A notable production consideration was cost management. The team chose OpenAI's GPT-3.5 model rather than more expensive alternatives like GPT-4, explicitly balancing performance against expense. This decision allowed them to process thousands of creative assets daily without incurring prohibitive costs—a practical consideration often overlooked in case studies but critical for sustainable LLM operations at scale.
### Unified Platform Benefits
One of the significant operational improvements came from consolidating their workflow onto a single platform. Steenberghs emphasized that moving everything into Databricks eliminated data silos. The team can now:
- Monitor data ingestion from all sources (including external vendors) in one place
- Observe data transformations in real-time
- Track model training progress
- Measure model performance
This unified view replaced the previous fragmented monitoring across multiple systems and Azure instances.
## Results and Performance Improvements
The case study reports several quantitative improvements:
- **Throughput increase**: From approximately 800 creatives per hour to about 2,000 per hour—a 150% improvement
- **Experimentation time reduction**: Model experimentation and testing reduced from two days to approximately four hours (half a day)
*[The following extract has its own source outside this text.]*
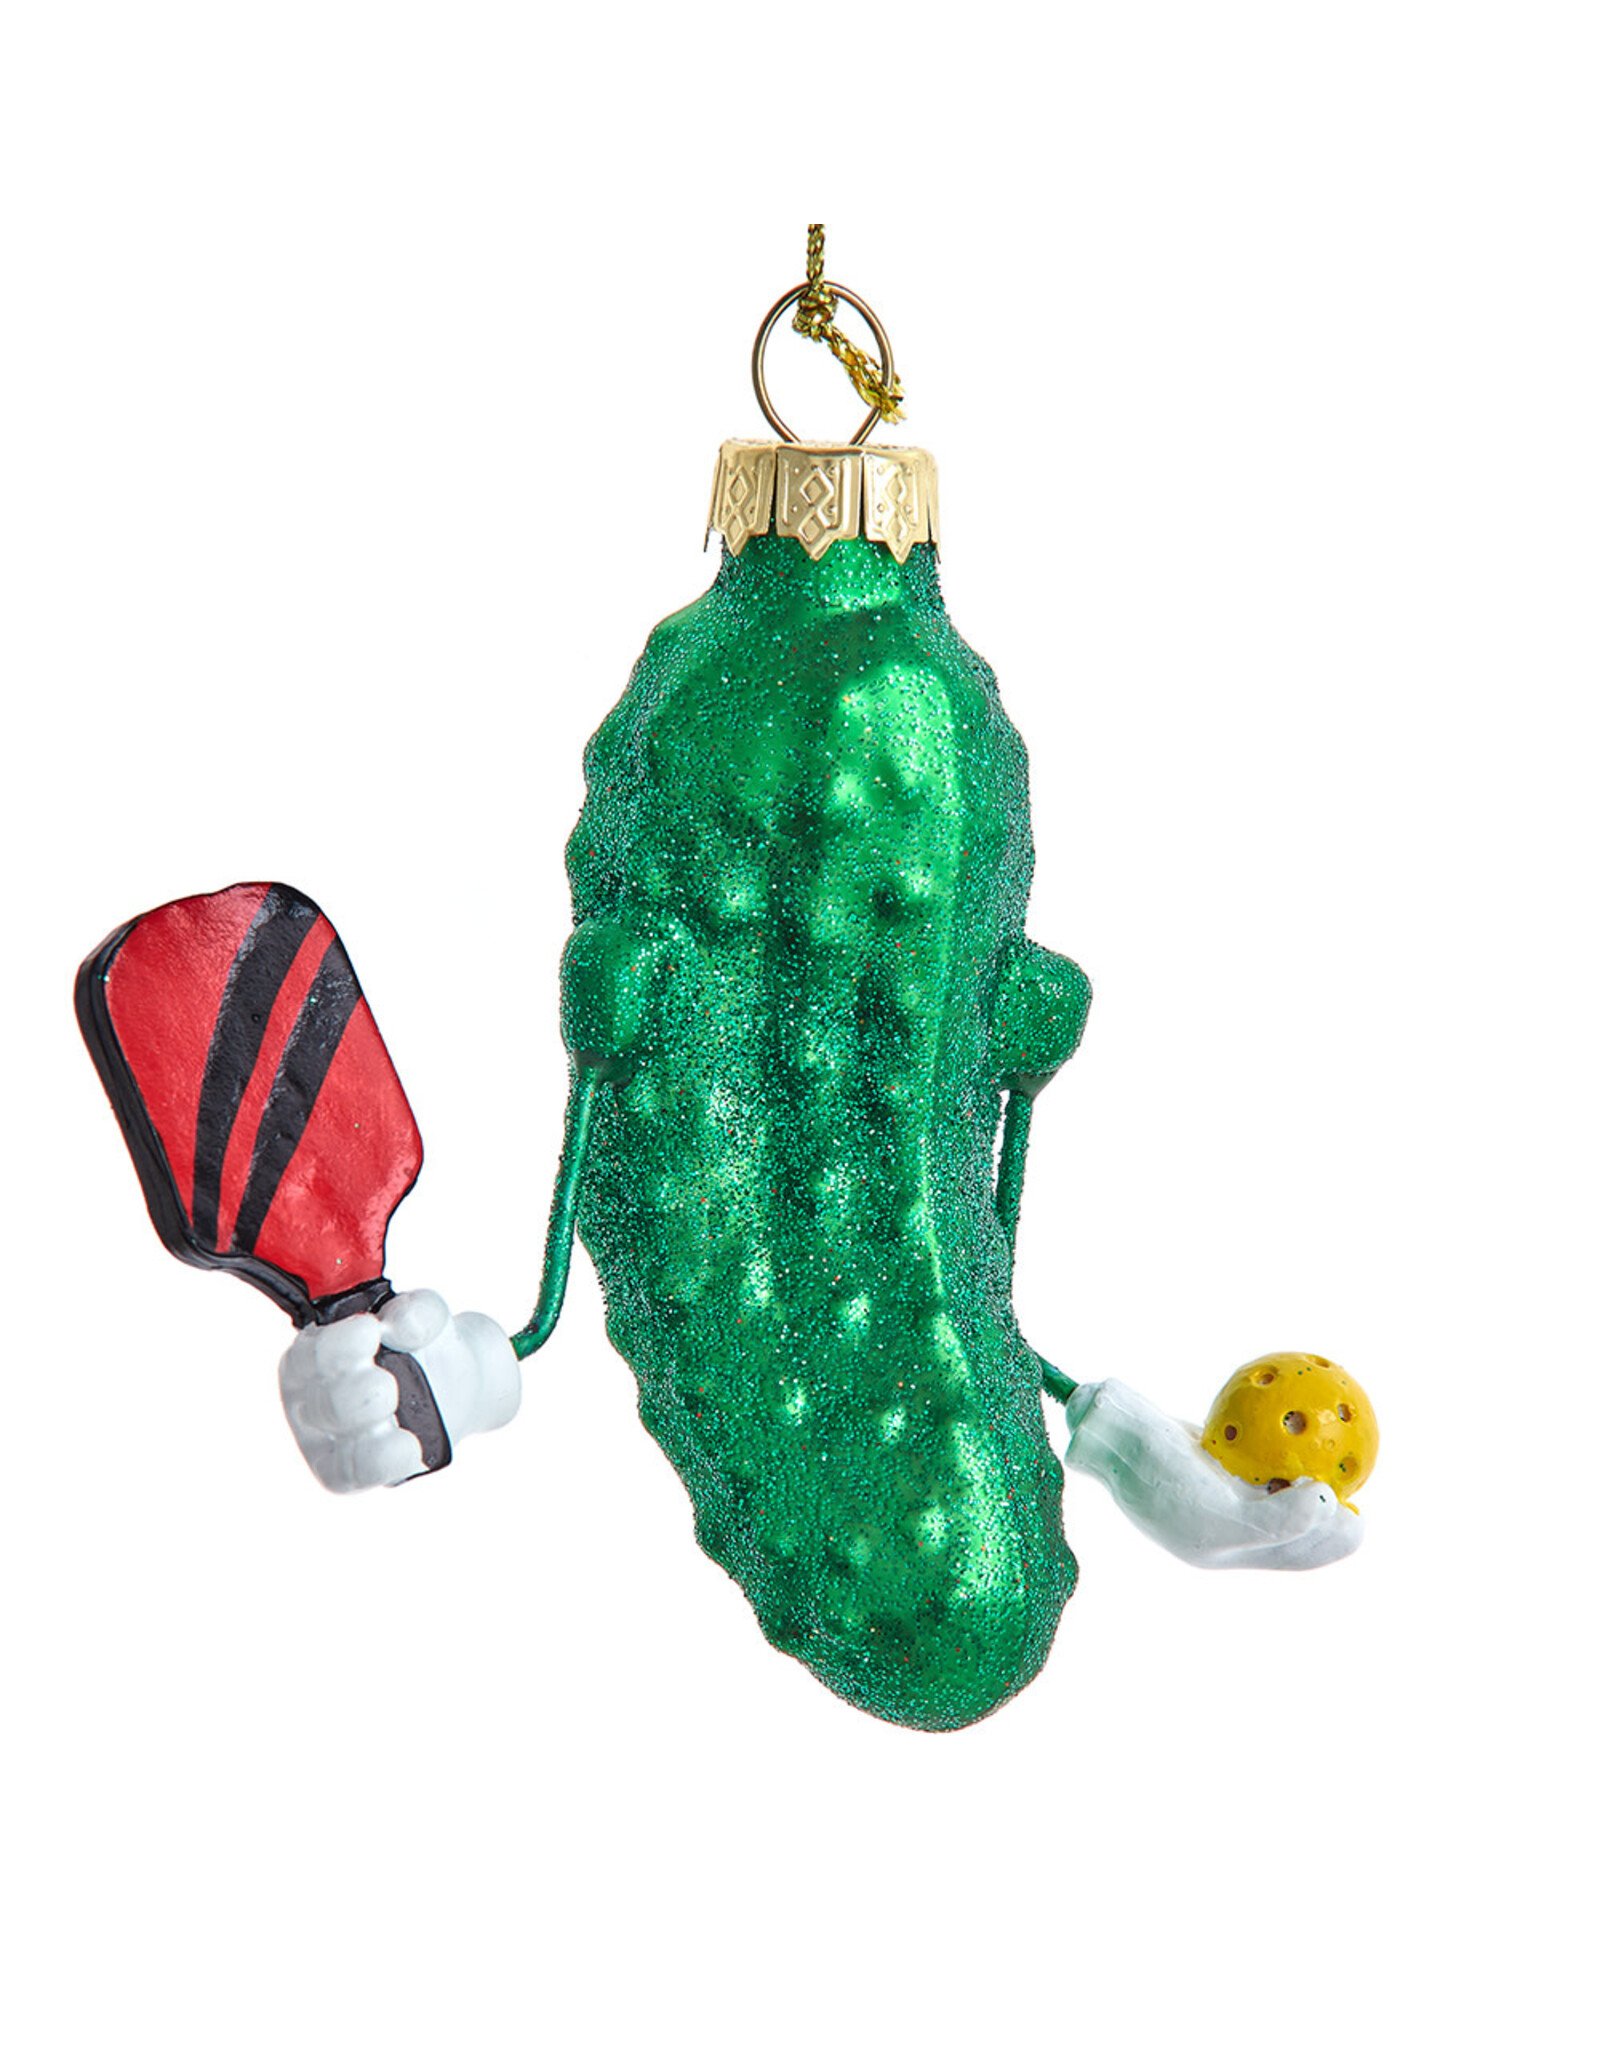 Kurt Adler Glass Pickleball Pickle Ornament 3 Inch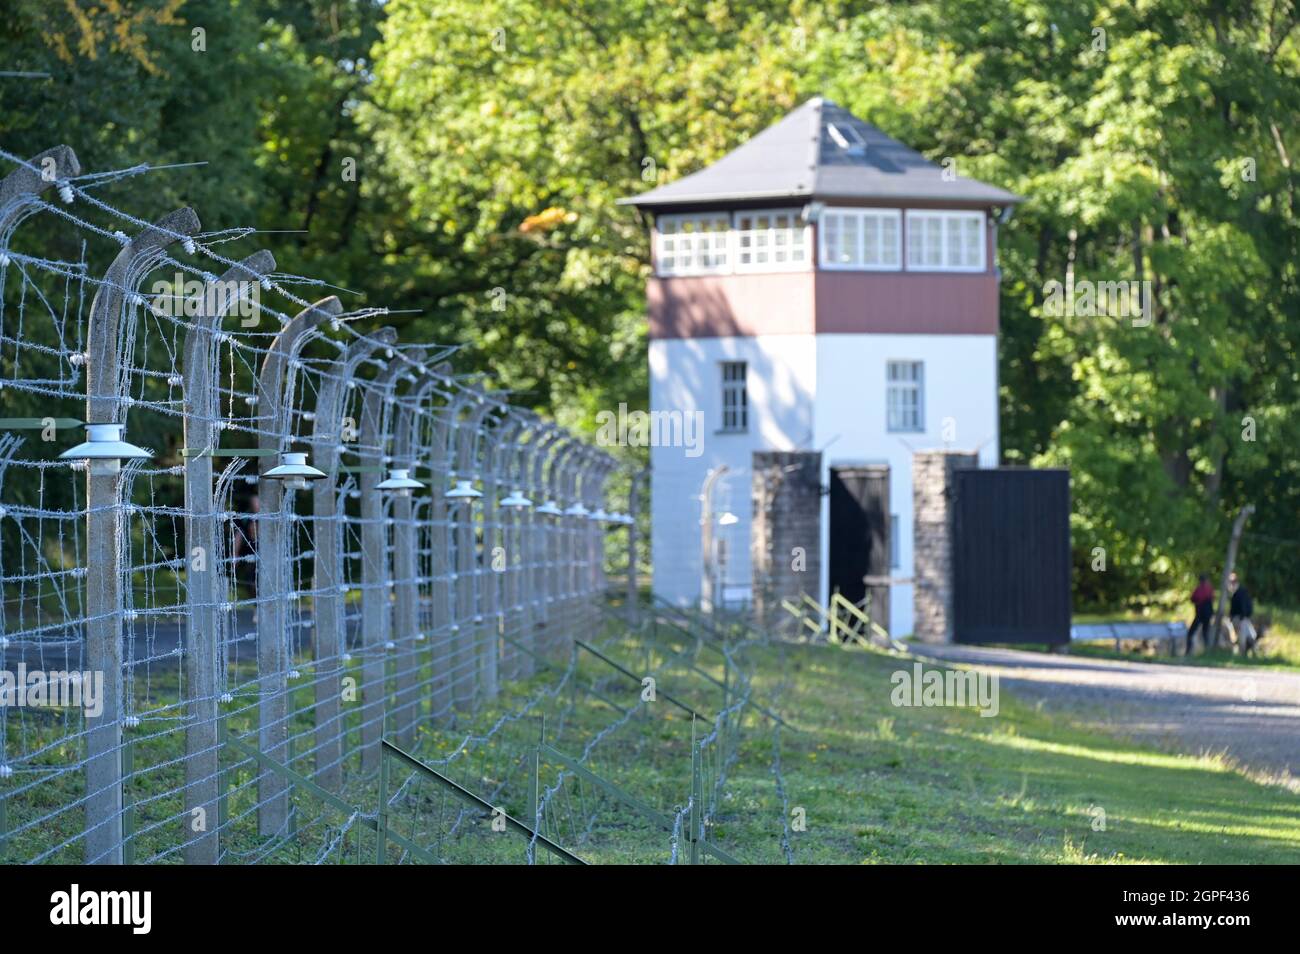 GERMANIA, Weimar, campo di concentramento nazista Buchenwald 1937-1945 / DEUTSCHLAND, Weimar, Konzentrationslager KZ Buchenwald, war eines der größten Konzentrationslager auf deutschem Boden. Es wurde zwischen Juli 1937 und April 1945 auf dem Ettersberg bei Weimar von der SS betrieben Foto Stock

These improvements enabled MediaRadar | Vivvix to keep pace with the rapidly growing volume of advertisements in the market without proportionally increasing human resources.
## Future Directions
The company expressed plans to implement Databricks Unity Catalog for enhanced data management and security. This is particularly important for an advertising intelligence company handling data from multiple brands, as it enables fine-grained access control—allowing open access while restricting who can see specific data. This addresses a current challenge where enforcing security is difficult in their existing setup.
## Critical Assessment
While this case study presents compelling results, a few considerations are worth noting:
- The 150% throughput improvement and time savings are self-reported metrics from a vendor success story, so independent verification is not available
- The case study focuses primarily on classification accuracy improvements in aggregate but doesn't provide specific precision/recall metrics or error rates
- The cost comparison between manual operators and the GPT-3.5 based solution is not quantified, though the decision to use GPT-3.5 over more expensive models suggests cost sensitivity was a real factor
- The dual-layer approach (GenAI + proprietary models) is an interesting pattern that acknowledges LLMs alone may not be sufficient for domain-specific classification tasks
Overall, this case study demonstrates a practical approach to scaling classification tasks using LLMs, with attention to production concerns like cost management, preprocessing quality, and monitoring. The hybrid approach of combining GenAI with domain-specific models is a pattern worth noting for organizations facing similar extreme classification challenges.